| Exercise prompt |
Restate the data exactly, with nothing altered.

| Dataset content |

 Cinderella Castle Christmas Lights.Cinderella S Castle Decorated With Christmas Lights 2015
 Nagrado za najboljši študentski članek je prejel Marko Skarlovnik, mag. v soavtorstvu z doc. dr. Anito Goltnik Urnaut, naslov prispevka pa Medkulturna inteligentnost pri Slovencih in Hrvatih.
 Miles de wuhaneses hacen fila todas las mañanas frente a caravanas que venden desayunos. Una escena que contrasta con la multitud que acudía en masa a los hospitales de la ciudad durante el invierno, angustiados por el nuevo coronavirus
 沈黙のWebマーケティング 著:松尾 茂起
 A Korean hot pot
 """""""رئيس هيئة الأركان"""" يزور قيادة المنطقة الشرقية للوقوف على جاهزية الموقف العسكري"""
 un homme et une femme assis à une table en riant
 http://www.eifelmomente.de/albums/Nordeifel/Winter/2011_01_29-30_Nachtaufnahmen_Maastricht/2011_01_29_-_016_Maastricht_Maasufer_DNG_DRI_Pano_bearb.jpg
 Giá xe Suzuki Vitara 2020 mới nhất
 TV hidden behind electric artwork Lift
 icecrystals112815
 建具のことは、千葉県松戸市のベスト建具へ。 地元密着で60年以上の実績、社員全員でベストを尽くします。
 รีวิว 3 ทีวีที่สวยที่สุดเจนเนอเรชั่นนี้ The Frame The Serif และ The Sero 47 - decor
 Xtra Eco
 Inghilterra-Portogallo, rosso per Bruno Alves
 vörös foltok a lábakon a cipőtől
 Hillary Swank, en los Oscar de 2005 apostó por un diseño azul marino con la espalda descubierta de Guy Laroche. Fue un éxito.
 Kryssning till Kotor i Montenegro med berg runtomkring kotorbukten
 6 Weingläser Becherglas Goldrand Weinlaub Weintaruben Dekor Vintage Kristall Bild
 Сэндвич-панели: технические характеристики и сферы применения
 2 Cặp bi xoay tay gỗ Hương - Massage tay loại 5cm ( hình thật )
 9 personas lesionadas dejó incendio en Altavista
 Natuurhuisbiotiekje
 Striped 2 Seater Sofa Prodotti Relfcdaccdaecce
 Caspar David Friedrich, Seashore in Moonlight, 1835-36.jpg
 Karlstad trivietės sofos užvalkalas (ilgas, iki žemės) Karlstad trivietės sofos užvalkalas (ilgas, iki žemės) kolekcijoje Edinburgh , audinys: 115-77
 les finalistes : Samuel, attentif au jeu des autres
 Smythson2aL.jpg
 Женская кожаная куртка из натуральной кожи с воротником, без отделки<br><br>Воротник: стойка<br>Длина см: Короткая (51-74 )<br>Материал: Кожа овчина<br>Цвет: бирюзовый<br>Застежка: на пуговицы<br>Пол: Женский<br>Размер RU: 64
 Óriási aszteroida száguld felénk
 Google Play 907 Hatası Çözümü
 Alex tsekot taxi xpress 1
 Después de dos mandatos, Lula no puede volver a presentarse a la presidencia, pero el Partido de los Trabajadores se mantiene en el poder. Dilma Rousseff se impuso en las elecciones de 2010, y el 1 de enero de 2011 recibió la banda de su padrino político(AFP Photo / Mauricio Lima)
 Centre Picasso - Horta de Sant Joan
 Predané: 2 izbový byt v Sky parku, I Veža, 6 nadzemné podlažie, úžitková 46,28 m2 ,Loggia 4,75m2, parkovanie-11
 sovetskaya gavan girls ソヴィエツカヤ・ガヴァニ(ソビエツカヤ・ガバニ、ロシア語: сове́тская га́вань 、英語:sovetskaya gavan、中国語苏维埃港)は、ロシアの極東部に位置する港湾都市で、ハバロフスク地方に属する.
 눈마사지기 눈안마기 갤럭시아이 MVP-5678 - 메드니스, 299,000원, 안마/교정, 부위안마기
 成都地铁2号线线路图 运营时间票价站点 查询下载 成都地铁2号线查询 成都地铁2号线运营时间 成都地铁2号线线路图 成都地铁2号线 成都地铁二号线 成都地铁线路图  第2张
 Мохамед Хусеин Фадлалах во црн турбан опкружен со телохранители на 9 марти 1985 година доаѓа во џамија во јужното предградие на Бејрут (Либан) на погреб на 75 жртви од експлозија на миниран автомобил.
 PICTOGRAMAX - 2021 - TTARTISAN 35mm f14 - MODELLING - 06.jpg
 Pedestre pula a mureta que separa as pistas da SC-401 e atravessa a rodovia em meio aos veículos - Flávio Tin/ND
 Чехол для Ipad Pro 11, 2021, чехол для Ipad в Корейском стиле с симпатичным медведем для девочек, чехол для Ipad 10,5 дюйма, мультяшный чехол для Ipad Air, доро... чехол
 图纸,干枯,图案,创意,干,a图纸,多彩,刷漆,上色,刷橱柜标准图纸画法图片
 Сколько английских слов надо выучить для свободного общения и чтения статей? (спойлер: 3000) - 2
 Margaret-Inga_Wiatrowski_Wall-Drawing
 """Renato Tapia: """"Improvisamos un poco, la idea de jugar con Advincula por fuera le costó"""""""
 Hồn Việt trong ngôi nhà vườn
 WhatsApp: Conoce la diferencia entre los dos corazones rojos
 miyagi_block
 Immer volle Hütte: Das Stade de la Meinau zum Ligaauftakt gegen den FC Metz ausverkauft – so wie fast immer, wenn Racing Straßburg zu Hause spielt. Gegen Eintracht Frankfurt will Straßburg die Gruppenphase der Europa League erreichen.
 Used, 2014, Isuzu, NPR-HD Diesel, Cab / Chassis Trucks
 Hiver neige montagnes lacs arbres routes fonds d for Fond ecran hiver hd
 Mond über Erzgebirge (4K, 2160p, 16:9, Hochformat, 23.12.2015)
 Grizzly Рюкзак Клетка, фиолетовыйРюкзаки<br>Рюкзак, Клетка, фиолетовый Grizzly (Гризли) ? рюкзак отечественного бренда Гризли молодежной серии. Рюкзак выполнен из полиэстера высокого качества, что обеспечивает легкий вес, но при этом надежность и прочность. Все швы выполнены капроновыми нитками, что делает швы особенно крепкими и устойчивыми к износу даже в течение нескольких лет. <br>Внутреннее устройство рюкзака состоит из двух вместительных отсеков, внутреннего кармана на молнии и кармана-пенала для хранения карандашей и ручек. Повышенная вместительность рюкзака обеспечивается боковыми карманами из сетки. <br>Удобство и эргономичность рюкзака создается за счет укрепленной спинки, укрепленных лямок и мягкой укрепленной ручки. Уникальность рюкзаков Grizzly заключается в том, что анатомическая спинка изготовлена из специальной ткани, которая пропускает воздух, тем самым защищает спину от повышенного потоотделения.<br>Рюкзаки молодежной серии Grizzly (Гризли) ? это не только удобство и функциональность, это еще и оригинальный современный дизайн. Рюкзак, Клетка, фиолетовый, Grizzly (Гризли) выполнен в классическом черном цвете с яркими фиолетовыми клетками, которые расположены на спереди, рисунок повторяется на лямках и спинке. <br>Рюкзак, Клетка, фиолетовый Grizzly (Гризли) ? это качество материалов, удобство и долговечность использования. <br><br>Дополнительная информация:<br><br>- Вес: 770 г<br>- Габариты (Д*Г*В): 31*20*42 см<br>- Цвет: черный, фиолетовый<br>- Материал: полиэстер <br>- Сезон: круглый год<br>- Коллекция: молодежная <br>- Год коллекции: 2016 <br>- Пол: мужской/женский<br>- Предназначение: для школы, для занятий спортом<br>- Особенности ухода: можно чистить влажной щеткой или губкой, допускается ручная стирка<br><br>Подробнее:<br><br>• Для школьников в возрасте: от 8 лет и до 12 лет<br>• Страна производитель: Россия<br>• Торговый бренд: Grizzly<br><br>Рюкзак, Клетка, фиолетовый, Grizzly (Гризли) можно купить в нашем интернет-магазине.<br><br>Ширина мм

| Exercise solution |
 Cinderella Castle Christmas Lights.Cinderella S Castle Decorated With Christmas Lights 2015
 Nagrado za najboljši študentski članek je prejel Marko Skarlovnik, mag. v soavtorstvu z doc. dr. Anito Goltnik Urnaut, naslov prispevka pa Medkulturna inteligentnost pri Slovencih in Hrvatih.
 Miles de wuhaneses hacen fila todas las mañanas frente a caravanas que venden desayunos. Una escena que contrasta con la multitud que acudía en masa a los hospitales de la ciudad durante el invierno, angustiados por el nuevo coronavirus
 沈黙のWebマーケティング 著:松尾 茂起
 A Korean hot pot
 """""""رئيس هيئة الأركان"""" يزور قيادة المنطقة الشرقية للوقوف على جاهزية الموقف العسكري"""
 un homme et une femme assis à une table en riant
 http://www.eifelmomente.de/albums/Nordeifel/Winter/2011_01_29-30_Nachtaufnahmen_Maastricht/2011_01_29_-_016_Maastricht_Maasufer_DNG_DRI_Pano_bearb.jpg
 Giá xe Suzuki Vitara 2020 mới nhất
 TV hidden behind electric artwork Lift
 icecrystals112815
 建具のことは、千葉県松戸市のベスト建具へ。 地元密着で60年以上の実績、社員全員でベストを尽くします。
 รีวิว 3 ทีวีที่สวยที่สุดเจนเนอเรชั่นนี้ The Frame The Serif และ The Sero 47 - decor
 Xtra Eco
 Inghilterra-Portogallo, rosso per Bruno Alves
 vörös foltok a lábakon a cipőtől
 Hillary Swank, en los Oscar de 2005 apostó por un diseño azul marino con la espalda descubierta de Guy Laroche. Fue un éxito.
 Kryssning till Kotor i Montenegro med berg runtomkring kotorbukten
 6 Weingläser Becherglas Goldrand Weinlaub Weintaruben Dekor Vintage Kristall Bild
 Сэндвич-панели: технические характеристики и сферы применения
 2 Cặp bi xoay tay gỗ Hương - Massage tay loại 5cm ( hình thật )
 9 personas lesionadas dejó incendio en Altavista
 Natuurhuisbiotiekje
 Striped 2 Seater Sofa Prodotti Relfcdaccdaecce
 Caspar David Friedrich, Seashore in Moonlight, 1835-36.jpg
 Karlstad trivietės sofos užvalkalas (ilgas, iki žemės) Karlstad trivietės sofos užvalkalas (ilgas, iki žemės) kolekcijoje Edinburgh , audinys: 115-77
 les finalistes : Samuel, attentif au jeu des autres
 Smythson2aL.jpg
 Женская кожаная куртка из натуральной кожи с воротником, без отделки<br><br>Воротник: стойка<br>Длина см: Короткая (51-74 )<br>Материал: Кожа овчина<br>Цвет: бирюзовый<br>Застежка: на пуговицы<br>Пол: Женский<br>Размер RU: 64
 Óriási aszteroida száguld felénk
 Google Play 907 Hatası Çözümü
 Alex tsekot taxi xpress 1
 Después de dos mandatos, Lula no puede volver a presentarse a la presidencia, pero el Partido de los Trabajadores se mantiene en el poder. Dilma Rousseff se impuso en las elecciones de 2010, y el 1 de enero de 2011 recibió la banda de su padrino político(AFP Photo / Mauricio Lima)
 Centre Picasso - Horta de Sant Joan
 Predané: 2 izbový byt v Sky parku, I Veža, 6 nadzemné podlažie, úžitková 46,28 m2 ,Loggia 4,75m2, parkovanie-11
 sovetskaya gavan girls ソヴィエツカヤ・ガヴァニ(ソビエツカヤ・ガバニ、ロシア語: сове́тская га́вань 、英語:sovetskaya gavan、中国語苏维埃港)は、ロシアの極東部に位置する港湾都市で、ハバロフスク地方に属する.
 눈마사지기 눈안마기 갤럭시아이 MVP-5678 - 메드니스, 299,000원, 안마/교정, 부위안마기
 成都地铁2号线线路图 运营时间票价站点 查询下载 成都地铁2号线查询 成都地铁2号线运营时间 成都地铁2号线线路图 成都地铁2号线 成都地铁二号线 成都地铁线路图  第2张
 Мохамед Хусеин Фадлалах во црн турбан опкружен со телохранители на 9 марти 1985 година доаѓа во џамија во јужното предградие на Бејрут (Либан) на погреб на 75 жртви од експлозија на миниран автомобил.
 PICTOGRAMAX - 2021 - TTARTISAN 35mm f14 - MODELLING - 06.jpg
 Pedestre pula a mureta que separa as pistas da SC-401 e atravessa a rodovia em meio aos veículos - Flávio Tin/ND
 Чехол для Ipad Pro 11, 2021, чехол для Ipad в Корейском стиле с симпатичным медведем для девочек, чехол для Ipad 10,5 дюйма, мультяшный чехол для Ipad Air, доро... чехол
 图纸,干枯,图案,创意,干,a图纸,多彩,刷漆,上色,刷橱柜标准图纸画法图片
 Сколько английских слов надо выучить для свободного общения и чтения статей? (спойлер: 3000) - 2
 Margaret-Inga_Wiatrowski_Wall-Drawing
 """Renato Tapia: """"Improvisamos un poco, la idea de jugar con Advincula por fuera le costó"""""""
 Hồn Việt trong ngôi nhà vườn
 WhatsApp: Conoce la diferencia entre los dos corazones rojos
 miyagi_block
 Immer volle Hütte: Das Stade de la Meinau zum Ligaauftakt gegen den FC Metz ausverkauft – so wie fast immer, wenn Racing Straßburg zu Hause spielt. Gegen Eintracht Frankfurt will Straßburg die Gruppenphase der Europa League erreichen.
 Used, 2014, Isuzu, NPR-HD Diesel, Cab / Chassis Trucks
 Hiver neige montagnes lacs arbres routes fonds d for Fond ecran hiver hd
 Mond über Erzgebirge (4K, 2160p, 16:9, Hochformat, 23.12.2015)
 Grizzly Рюкзак Клетка, фиолетовыйРюкзаки<br>Рюкзак, Клетка, фиолетовый Grizzly (Гризли) ? рюкзак отечественного бренда Гризли молодежной серии. Рюкзак выполнен из полиэстера высокого качества, что обеспечивает легкий вес, но при этом надежность и прочность. Все швы выполнены капроновыми нитками, что делает швы особенно крепкими и устойчивыми к износу даже в течение нескольких лет. <br>Внутреннее устройство рюкзака состоит из двух вместительных отсеков, внутреннего кармана на молнии и кармана-пенала для хранения карандашей и ручек. Повышенная вместительность рюкзака обеспечивается боковыми карманами из сетки. <br>Удобство и эргономичность рюкзака создается за счет укрепленной спинки, укрепленных лямок и мягкой укрепленной ручки. Уникальность рюкзаков Grizzly заключается в том, что анатомическая спинка изготовлена из специальной ткани, которая пропускает воздух, тем самым защищает спину от повышенного потоотделения.<br>Рюкзаки молодежной серии Grizzly (Гризли) ? это не только удобство и функциональность, это еще и оригинальный современный дизайн. Рюкзак, Клетка, фиолетовый, Grizzly (Гризли) выполнен в классическом черном цвете с яркими фиолетовыми клетками, которые расположены на спереди, рисунок повторяется на лямках и спинке. <br>Рюкзак, Клетка, фиолетовый Grizzly (Гризли) ? это качество материалов, удобство и долговечность использования. <br><br>Дополнительная информация:<br><br>- Вес: 770 г<br>- Габариты (Д*Г*В): 31*20*42 см<br>- Цвет: черный, фиолетовый<br>- Материал: полиэстер <br>- Сезон: круглый год<br>- Коллекция: молодежная <br>- Год коллекции: 2016 <br>- Пол: мужской/женский<br>- Предназначение: для школы, для занятий спортом<br>- Особенности ухода: можно чистить влажной щеткой или губкой, допускается ручная стирка<br><br>Подробнее:<br><br>• Для школьников в возрасте: от 8 лет и до 12 лет<br>• Страна производитель: Россия<br>• Торговый бренд: Grizzly<br><br>Рюкзак, Клетка, фиолетовый, Grizzly (Гризли) можно купить в нашем интернет-магазине.<br><br>Ширина мм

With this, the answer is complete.